Другое дело – неясно, как можно осчастливить потомка деда Пахома в социально-экономическом плане, если он и коммунистов не жалует, и демократы ему сильно не по душе, если чего ни коснись, все у него недоразумение и беда… Видимо, никак его нельзя осчастливить, ибо счастье дается человеку как ощущение, а социально-экономического благополучия в качестве нормы на Руси в принципе не дано. Ну не было в нашей тысячелетней истории ни одного мало-мальски достоверного периода, когда русский мужик так или иначе не страждал, не голодал, да еще вечно у него приключения приключаются по духовному департаменту: то сволочи князя Владимира сволокут в Днепр креститься в чужую веру, то повернут его в немецкую веру приспешники Ильича. А если нельзя, то, стало быть, и не нужно, может быть, даже всеобщее счастье в социально-экономическом плане – это лишнее, как высшее образование для амазонца, которому и таблица умножения ни к чему.
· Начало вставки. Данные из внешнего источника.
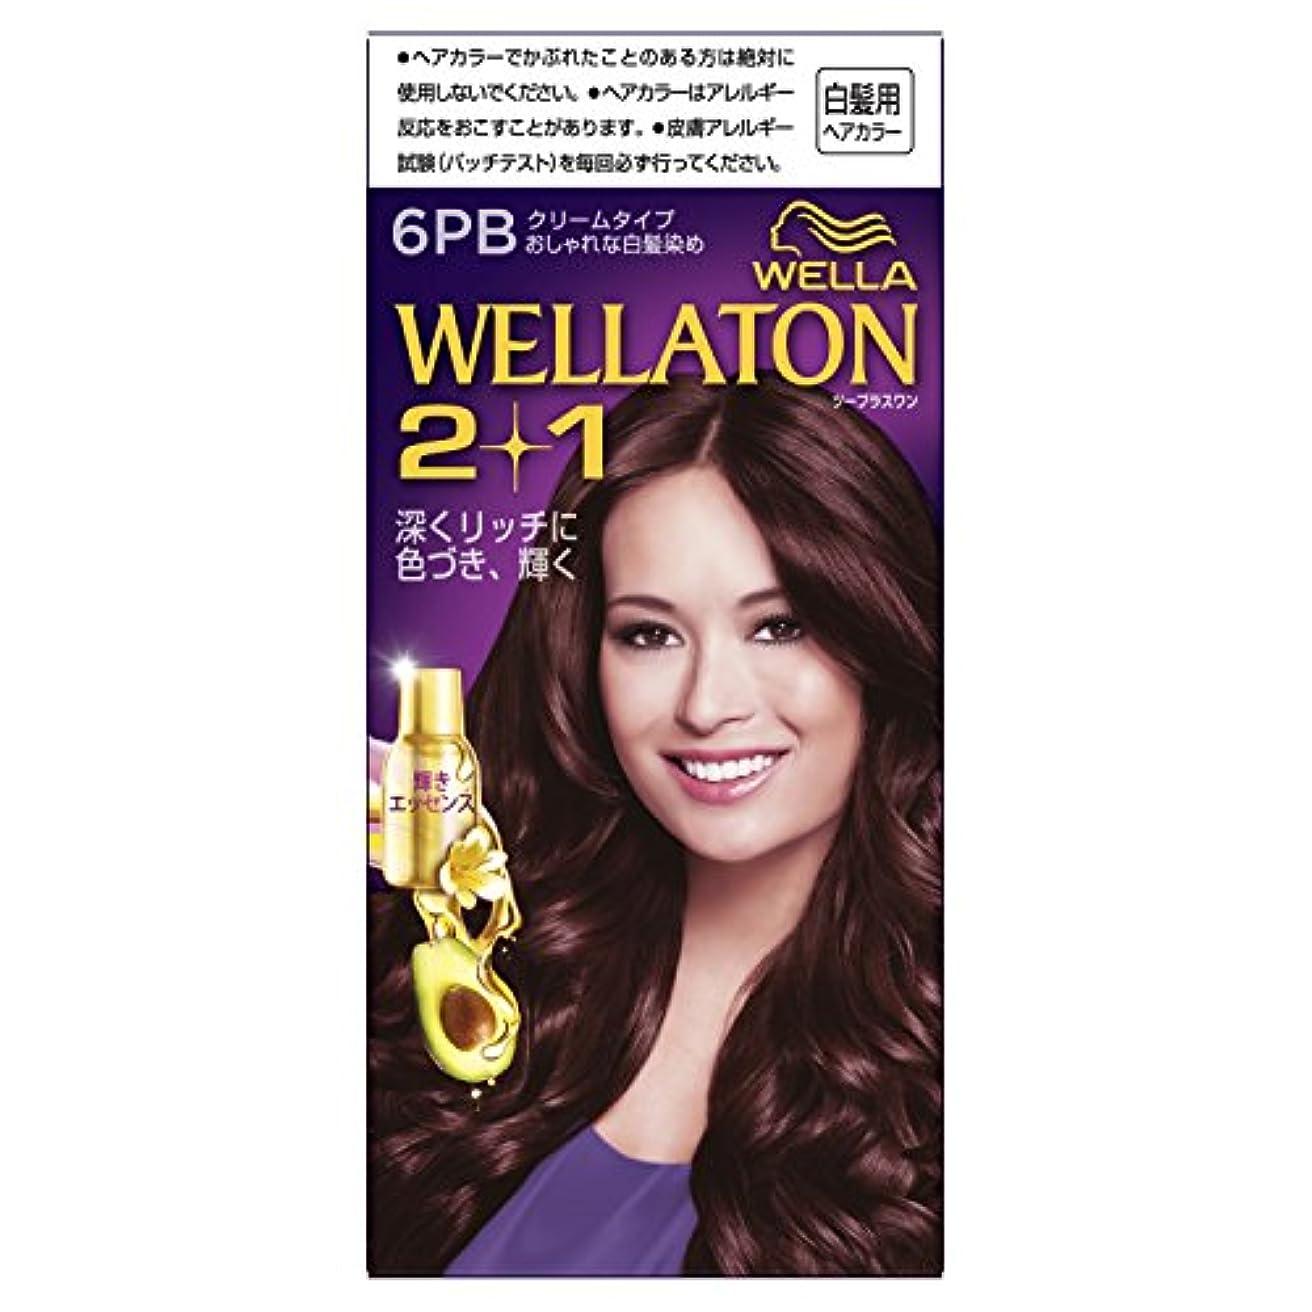 実際の転送神社ウエラトーン2+1 クリームタイプ 6PB [医薬部外品](おしゃれな白髪染め)

И даже не исключено, что всеобщее счастье губительно для прогресса, ибо основной закон диалектики состоит в том, что поступательное движение обеспечивают единство и борьба противоположностей, например, сосуществование интеллигенции и обозленного большинства. Также и всеобщее равенство – это лишнее, во-первых, потому что оно недостижимо, даже если всех переобуть в галоши на босу ногу, а во-вторых, потому что всеобщее равенство и вопиющее неравенство дают на удивление одинаковый результат. Так, если доход землевладельца во многие сотни раз превышает доход поденщика, то жди штурма Зимнего дворца и крушения всех начал, а если академик и приемщик стеклотары зарабатывают одинаково, то жди штурма здания парламента и крушения всех начал. Что же до свободы слова, собраний и манифестаций, то по-настоящему она нужна только десятку-другому интеллектуалов, сумасшедших и тех проходимцев, которые спят и видят, как бы дорваться до власти, а потом разом ее зажать. Вот Россия никак не может прийти в себя от удивления на себя: как это она сподобилась лишиться прочной пайки вином и хлебом того лишь ради, чтобы компания бездельников могла свободно грызться в своем кругу…
Таким образом, всеобщее счастье недостижимо, потому что оно вредно и потому что достигнуть его нельзя. Кроме того, очевидно, что общество развивается по законам, определенным задолго до «Феноменологии духа», равномерно и неотложно, как насекомое от личинки до бабочки «адмирал», а не так, как грезится отдельно взятому Ильичу. В частности, из спонтанного штурма Бастилии получилась буржуазная демократия, а из четко спланированного штурма Зимнего дворца – гиблый эксперимент.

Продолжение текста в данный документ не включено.